Arlene noticed Hugh’s expression and said in a low voice, “Relax. It was only about thirty American, and that’s cheap for a sit-down restaurant in Hong Kong.”

“It’s not that,” Hugh said, looking over her shoulder.

“What is it, then?” Arlene followed his gaze, and her eyes widened. “Holy shit.”

Noortman was sitting at the table in the window right next to the one the hostess was standing beside, menus in hand, watching them with an impatient look on her face.

For a moment Hugh was transfixed, and then he recovered his wits. “Smile and talk to me,” he whispered to Arlene, and gave her a gentle shove forward.

“What if he recognizes me from Pattaya Beach?” Arlene hissed.

“He won’t, he was too focused on his next big score,” Hugh said, and prayed he was right.

It was a safe bet, as today Arlene was dressed in a deep blue suit, cream-colored silk shirt, heels, and pearls, and her hair had been moussed and blow-dried into a smooth knot at the nape of her neck. She looked nothing like the zaftig tourist in the Bermuda shorts the previous October.

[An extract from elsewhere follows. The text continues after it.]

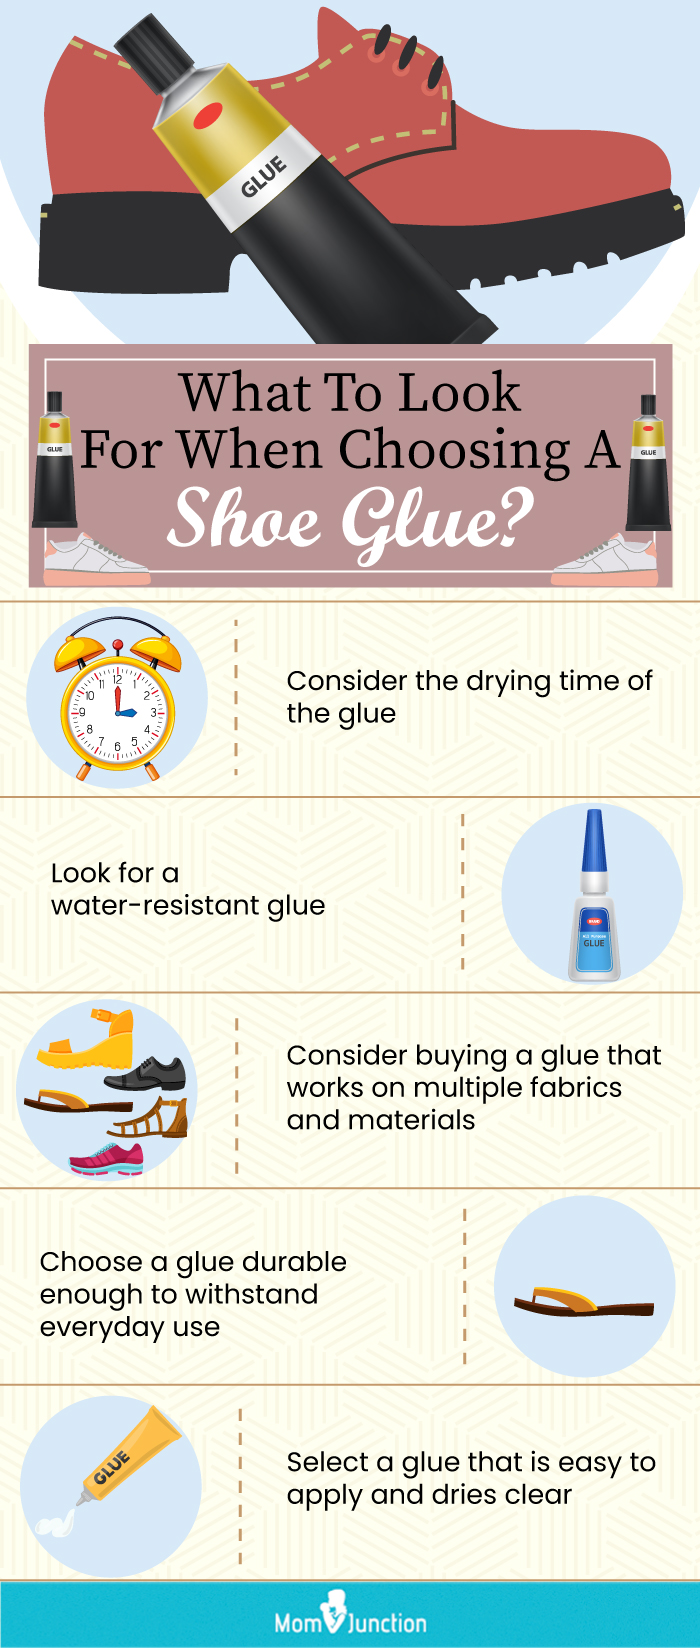 Shoes stickers)Shoe Glue Repair Adhesive Strong Shoe Glue Sole Adhesive  Professional Shoe Glue Waterproof Repair Adhesive For Sneakers Hiking Shoes  A

Noortman, on the other hand, looked exactly as he had in the photographs Arlene took of him. His nose was aquiline but his eyes were Asian, and his teeth were square and white, with the exception of the gold-encased incisor that flashed when he smiled. His skin was sallow, his stylishly cut hair dark but not black. Like Arlene, he was dressed to suit his environment, in a charcoal striped suit with a dark red tie that matched the silk handkerchief peeping from his breast pocket. The watch on his wrist had the glint of Rolex gold. His shoes probably cost even more.

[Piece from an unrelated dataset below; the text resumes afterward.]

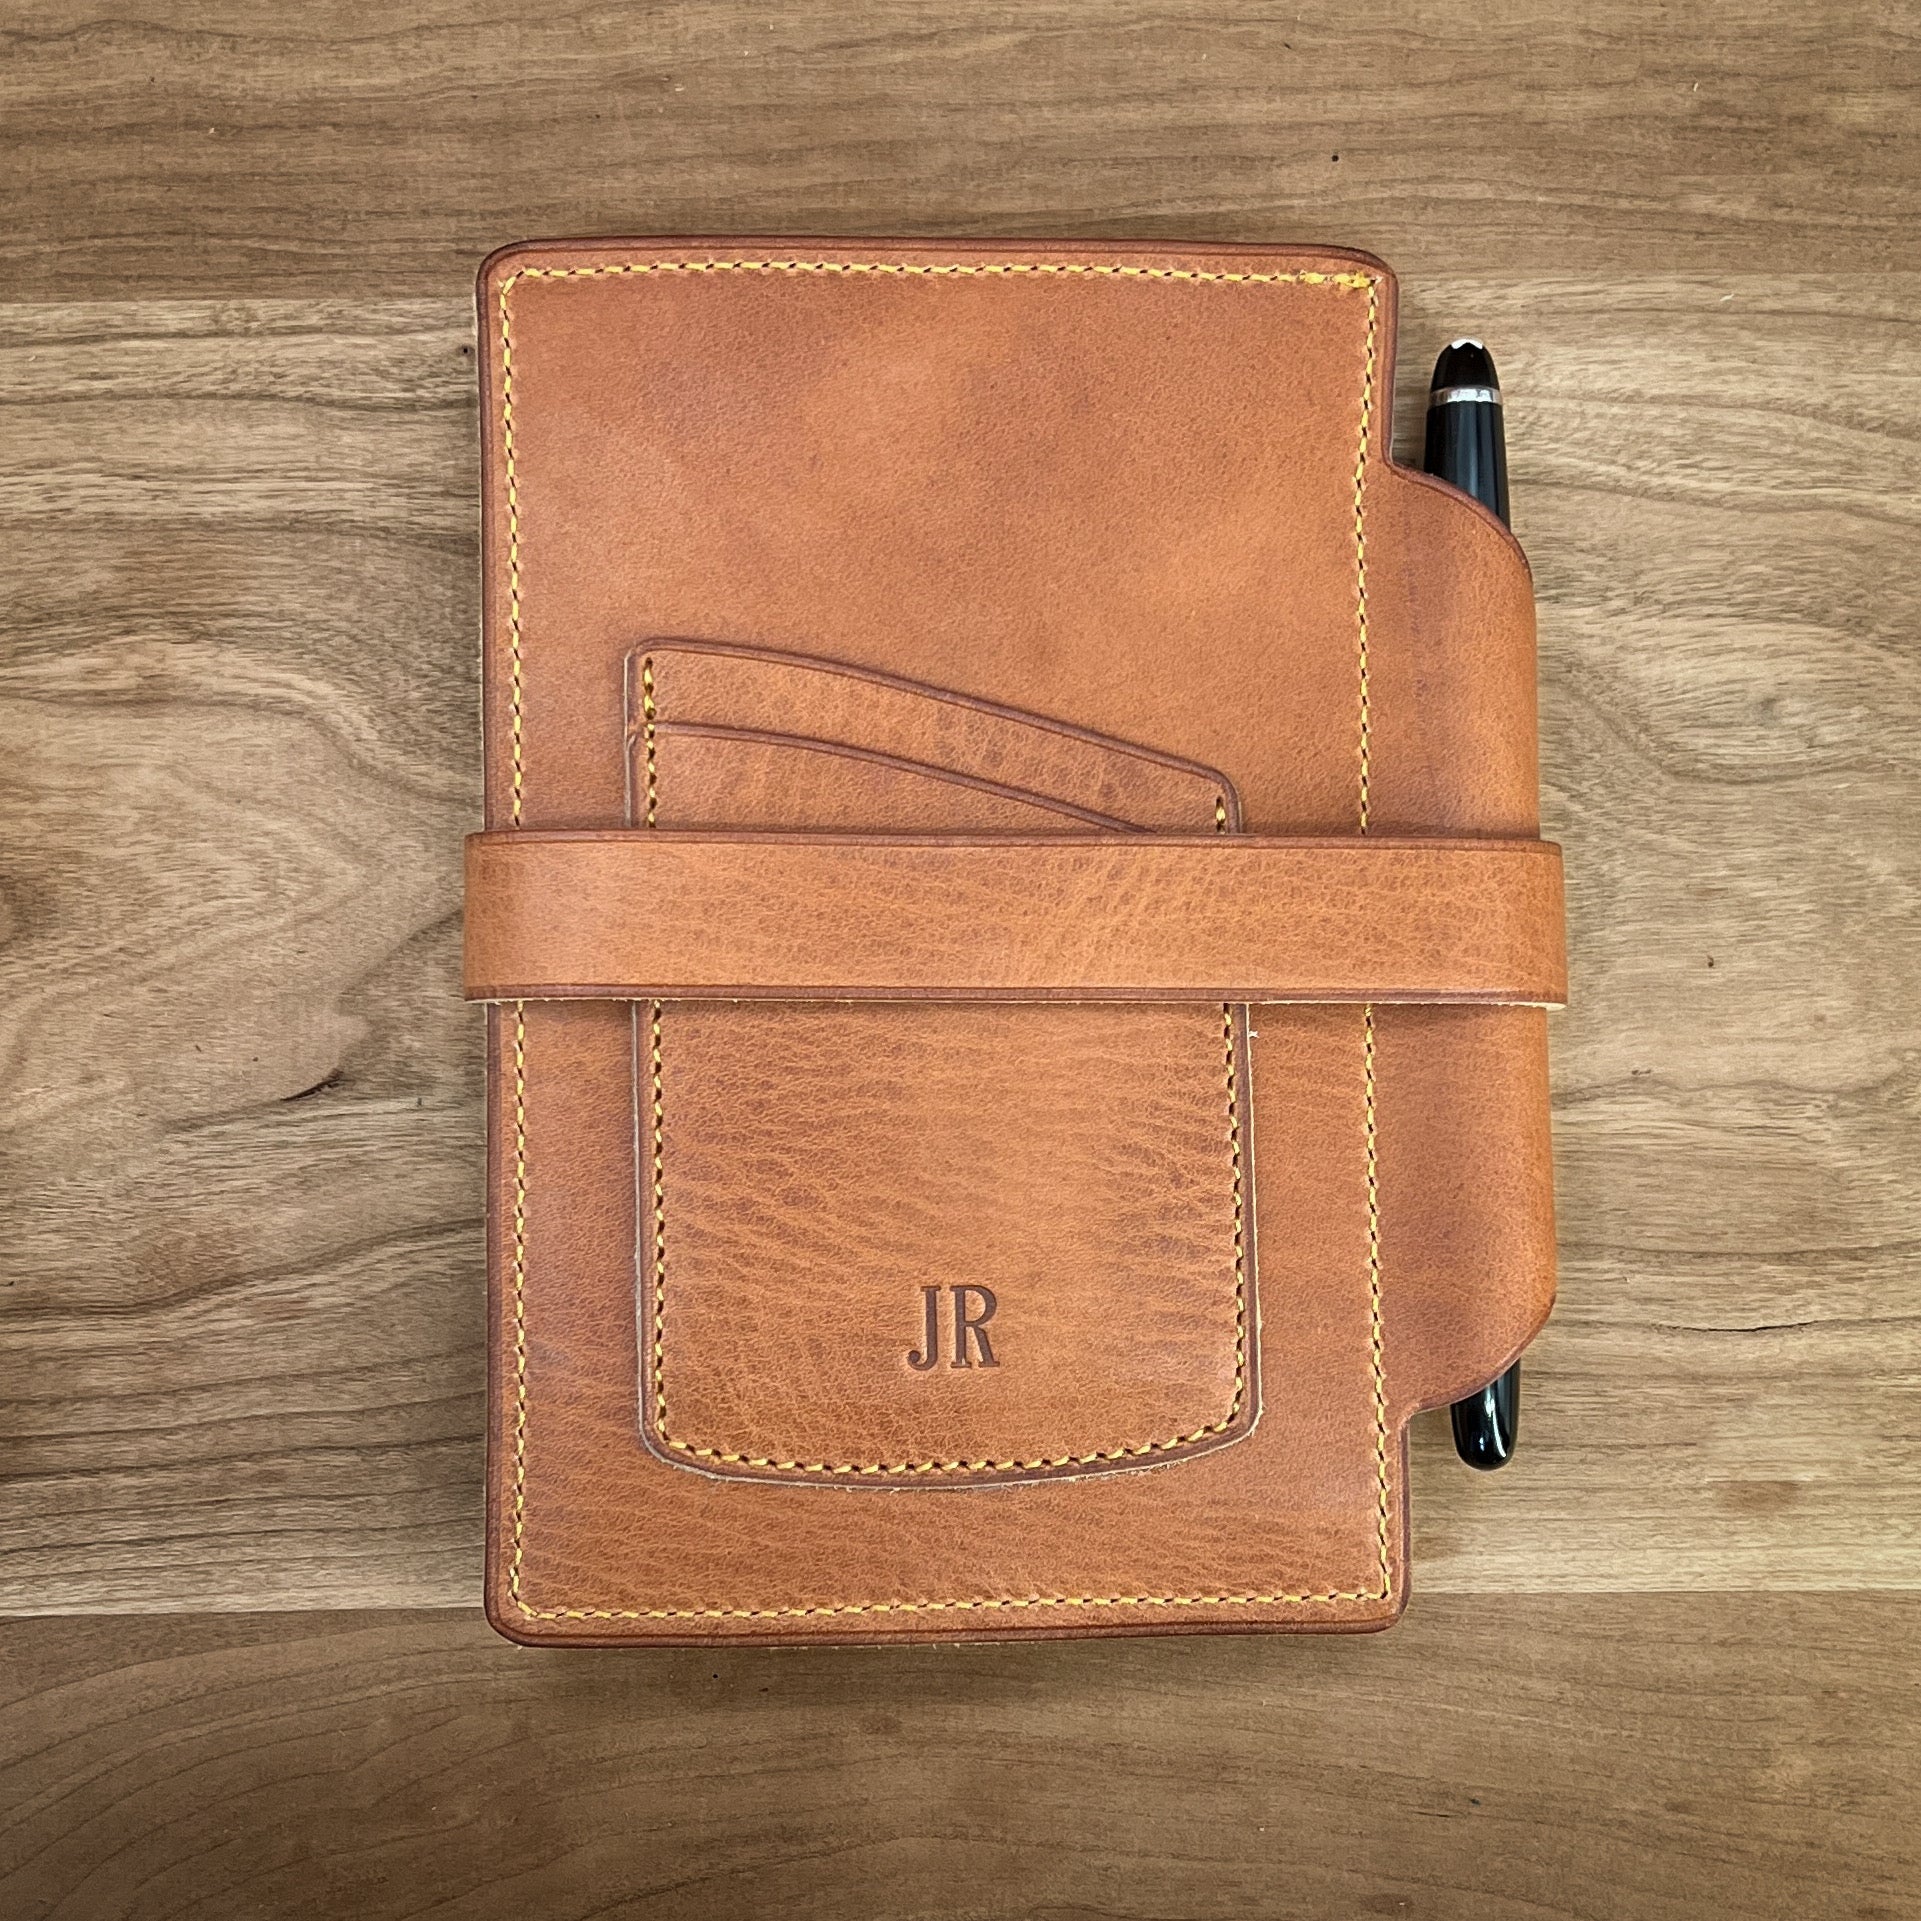 Two pocket version of the Handmade Jotter Style Cover for Field Notes Heavy Duty Flip Notebook

He was drinking tea as he scrolled down the screen of a laptop. The server brought a tray just then and made a distressed sound. Noortman looked up and smiled. Hugh was in the middle of being seated but it looked like a perfectly ordinary smile, no fangs showing, although it was a smile that seemed familiar, crooking up at one side in what could almost have been called a sneer. Otherwise, Noortman looked like any other young and ambitious Hong Kong businessman.

He became aware that Arlene was giving him a minatory look, and he realized their server had materialized. On impulse he told the server, “Tiger Beer.” He smiled across at Arlene, and said in a voice just above a whisper, “You didn’t think that because this restaurant was so close to his office that he never came in here? Even pirates have to eat.”